So I found out over the weekend that my husband of 7 years has been cheating on me. There’s no way back from this
I have two boys aged 3 and nearly 1 and live in a rented house. I work part time and can’t cover the rent/ bills etc on my own. I’m going to see citizens advice tomorrow but what are the other key things I need to put in place to support my sons and keep a roof over our heads
Citizens advice is a great start. Off the top of my head, the things you need to consider are;
– council tax reduction as a single person
– working and child tax credits. Apply asap as it’s back dated to when you apply.
– maintenance. If you are amicable you can arrange this between you in the first instance which is by far the best way. Google ‘maintenance calculator’ for an idea on how much he should be paying. Any issues, call the CMS who can do a calculation for you and collect the money but that’s very very slow!

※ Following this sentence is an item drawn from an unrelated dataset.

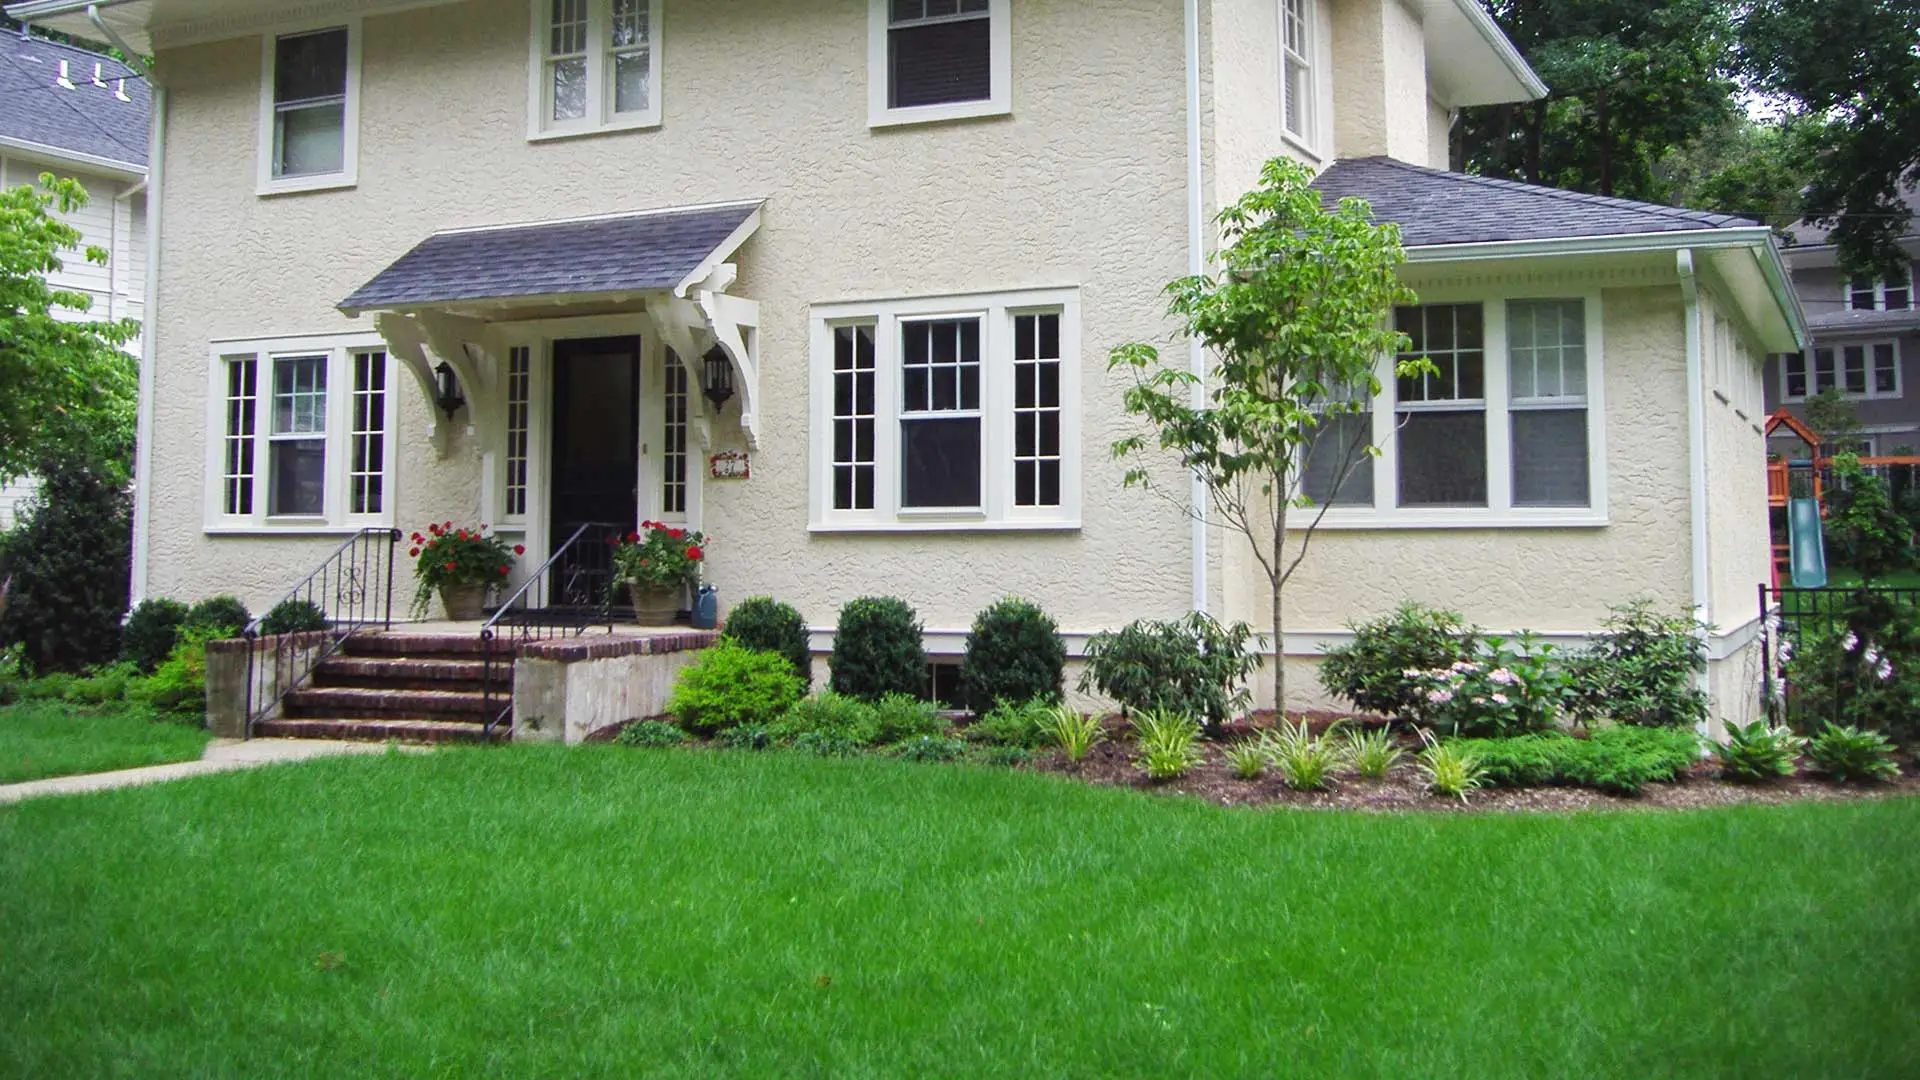 Our customers prefer our lawn services package because it handles multiple aspects of lawn maintenance.
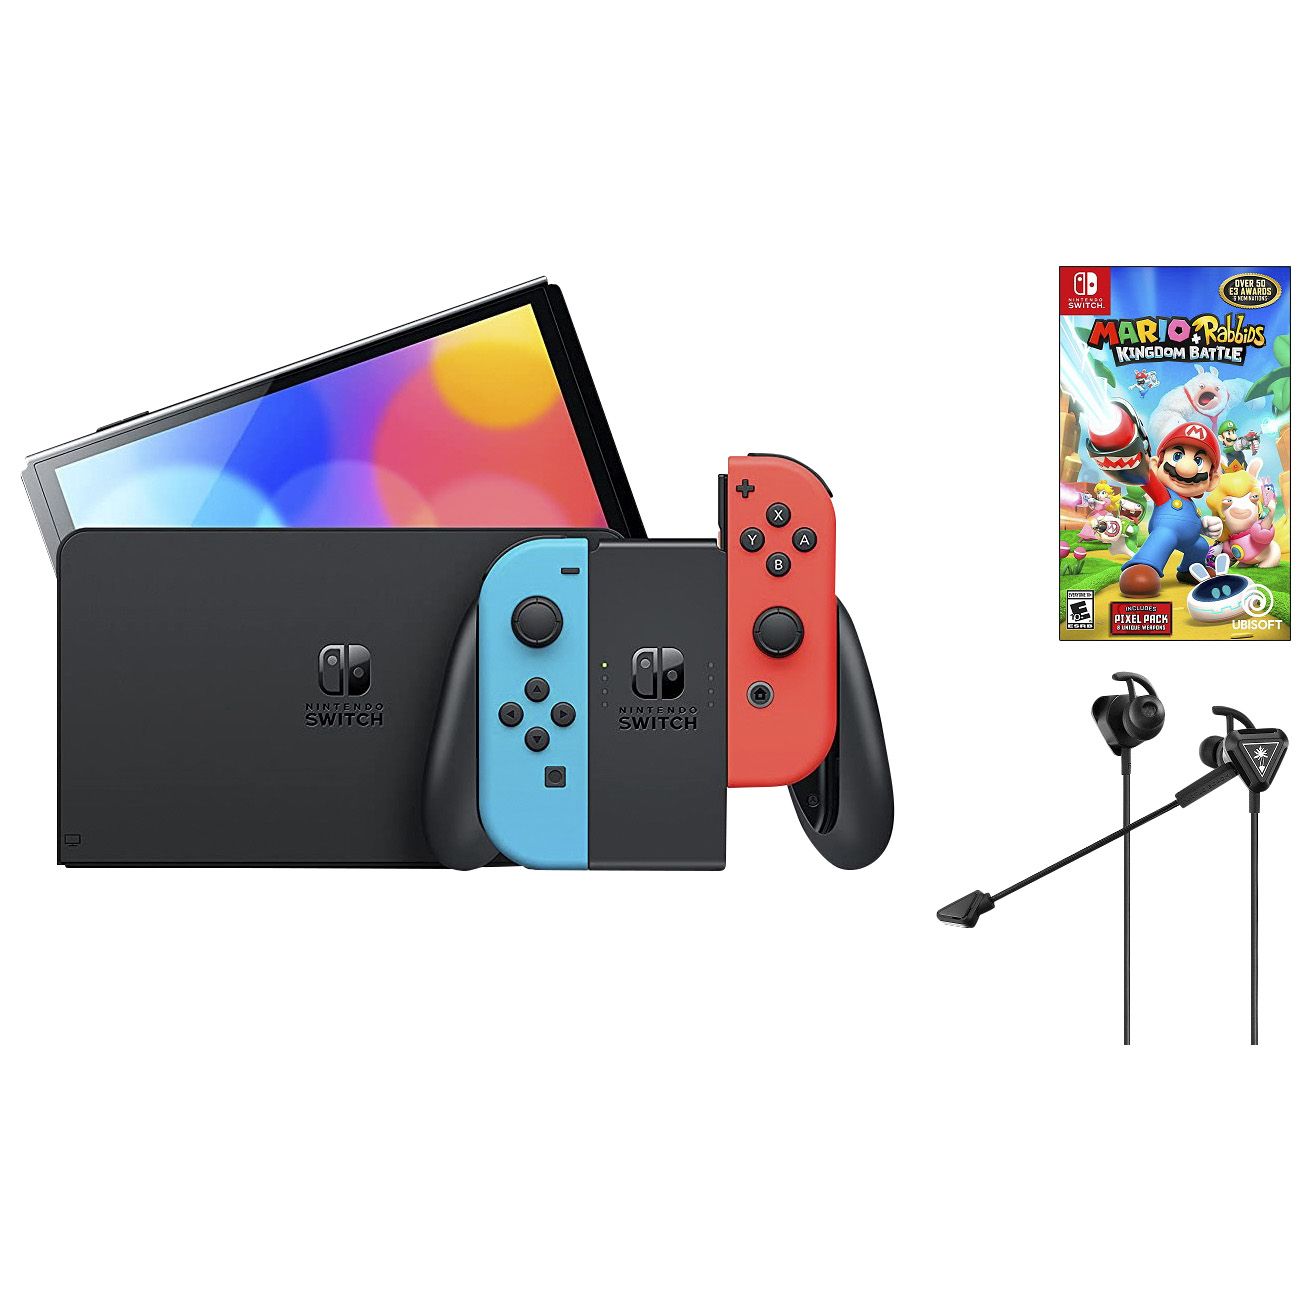 Nintendo Switch OLED consoles and bundles are still in stock at these  stores

– talk through the divorce process with citizens advice. Depending on your circumstances, you can do much of it yourself to save money on solicitors etc.
– Consider a Parental Plan regarding his access to his children and how you will continue to parent them together. There’s a good one on the caffcass website. It’s not for everyone but is worth looking at.
Most importantly, look after yourself. I was very open and honest with everyone about what had happened and was so glad I was as I’ve had a lot of support and it’s strengthened friendships and kept me sane. If you have family or friends locally, take up any offer of help and support. If you can, get time by yourself, doing something you enjoy as it’ll make you feel better.
It does get easier. I’m 5 months into this and some days are still pretty pants if I’m honest but my daughter and I are settling into a new normal and we’re both doing ok. Life is beginning to look up!
I also just went through my direct debits to see if there was anything I could cut to save a bit too. Tax creds also changed my payments immediately and paid for 90% of childcare while I worked as now single parent with lower income.
But ultimately as above dont try and do it all at once. Its a huge change and takes time. I am almost 2 yrs down the line and things are just about normal as life can be with just me and my babies.